A facet of Rijnierse’s work are his major interventions in public space. The artist developed the THX: INT’L (landing strip) for TodaysArt festival 2007. In TodaysArt 2008 edition, he developed Station to Station, in collaboration with Staalplaat Soundsystem and Erik Hobijn. In this project the entire railway station of The Hague Central – its building, travelers, trams and trains – were used for a large scale sound performance, with the timetable of the trains and trams serving as the basis of the composition. The train tracks were interpreted as sliders of a sound mixer, while the train station operated its normal schedule. During TodaysArt 2015 Mike Rijnierse presented two works: KLOK, a 100kg church bell that was thrown down every hour from the bungy jump tower of the Pier of Scheveningen. The 60 meters freefall of the bell added a Doppler effect to its tolling sound. With 5,4,3,2,1…Lift-Off, one of the opening performances of the festival, a simulated launch of a rocket, Mike Rijnierse deployed a massive amount of light, sound, smoke and pyrotechnics, executed in coordination with a pool of experts in order to recreate the realistic effect of a rocket launch. In essence, both works, KLOK and 5,4,3,2,1…Lift-Off, are related because of their verticality and the Doppler effect represented in a monumental fall and lift-off.

One of his latest works Sunset in Delft (2021) and Sunset in The Hague (2022) is a sculpture that reenacts the everyday phenomenon of the sun sinking into the horizon, and it does so, inside of a city. This massive glowing body of light has been placed on the water, precisely at the crossing of three canals in the idyllic town of Delft – the place where scientist Antoni van Leeuwenhoek and painter Johannes Vermeer possibly met, while pioneering experiments with Optics in the 17th century. The 360º panoramic view of this sun sinking on water subverts the usual perspective of the celestial star moving over the horizon.

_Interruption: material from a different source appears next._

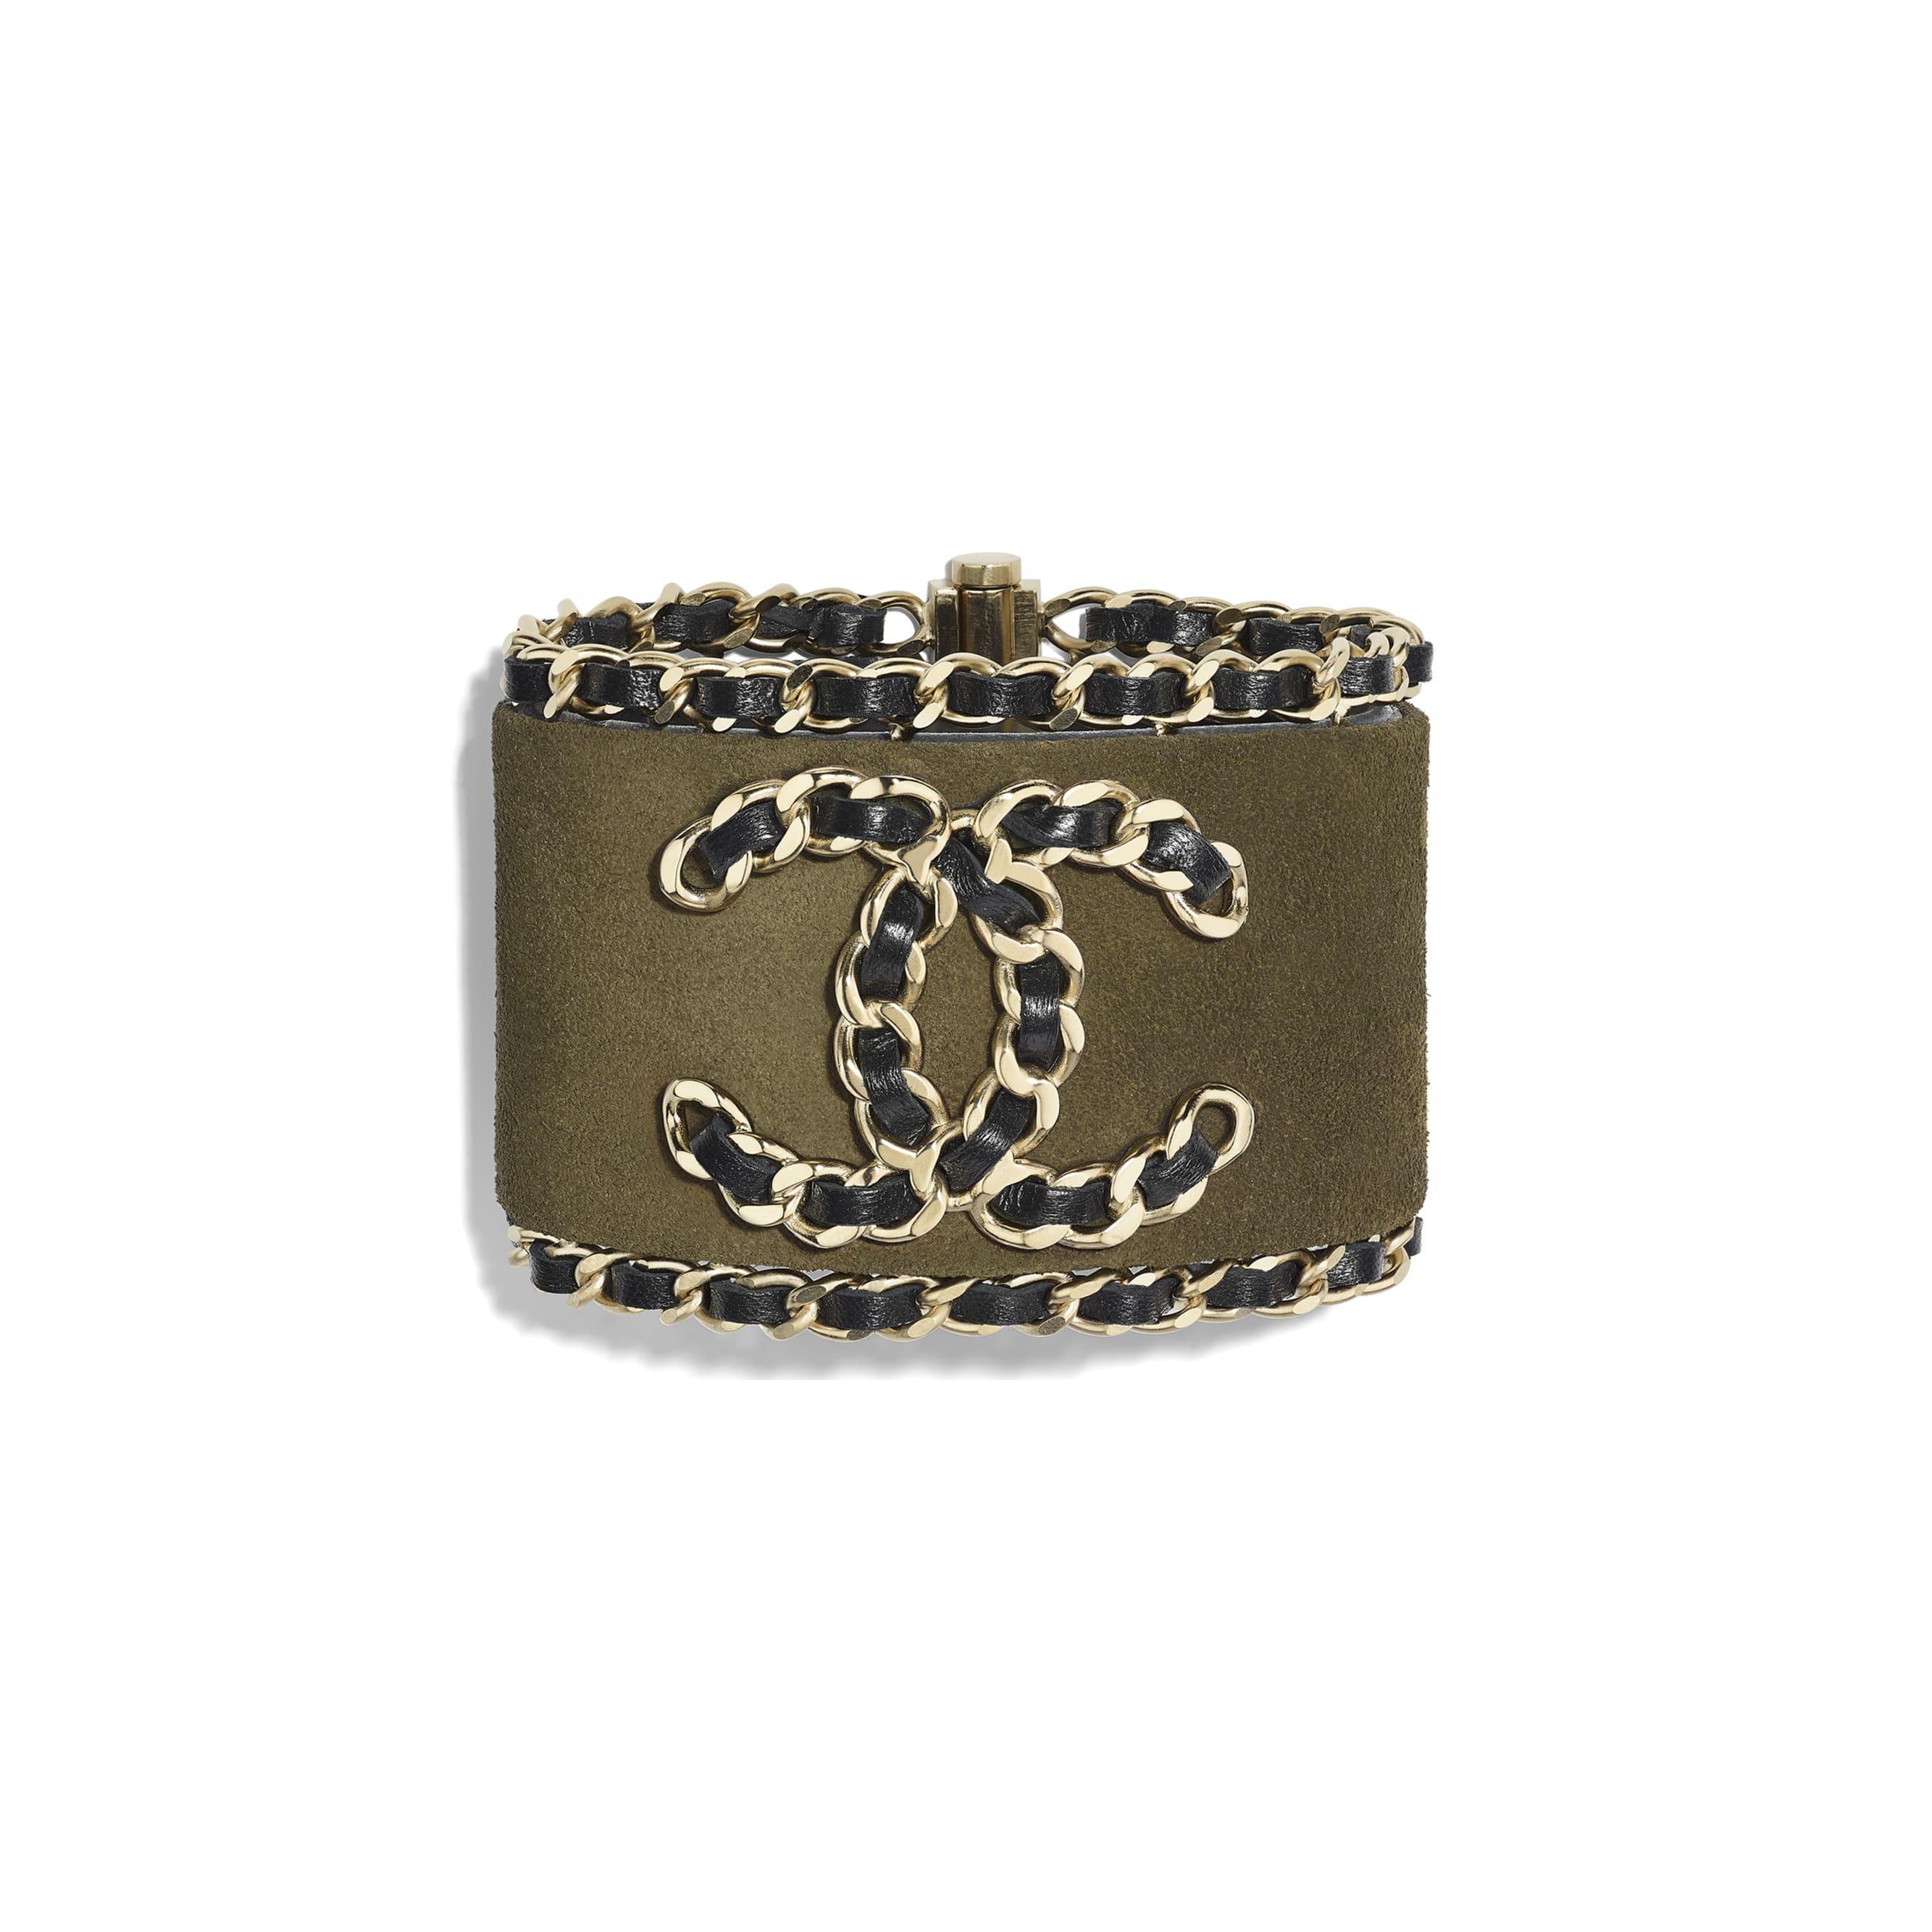 Cuff - Khaki, Black & Gold - Calfskin, Lambskin & Metal - CHANEL - Default view - see standard sized version

Sunset in Delft lingered for three evenings, inviting for a durational experience. The public was instigated to see, walk around it, relish, and perhaps feel its warmth–therefore, to be in the present. As philosopher Byung-Chul Han writes: “What we experience today as acceleration is only one of the symptoms of temporal dispersal. Today’s temporal crisis is caused by a dyschronicity which leads to various temporal disturbances and irritations. (…)The feeling that life is accelerating is really the experience of a time that is whizzing without a direction. (…) it is the atomization of time which is responsible for dyschronicity. It is also the reason for the feeling that time passes much more quickly than it used to. Due to the temporal dispersal, no experience of duration is possible.”

Sunset in Delft is a collaboration between Ludmila Rodrigues and Mike Rijnierse. Mike and Ludmila have been collaborating since 2011, sharing a fascination for the ways human perception is constructed. Their works activate the public to navigate with their senses and to re-learn how to see, hear and feel.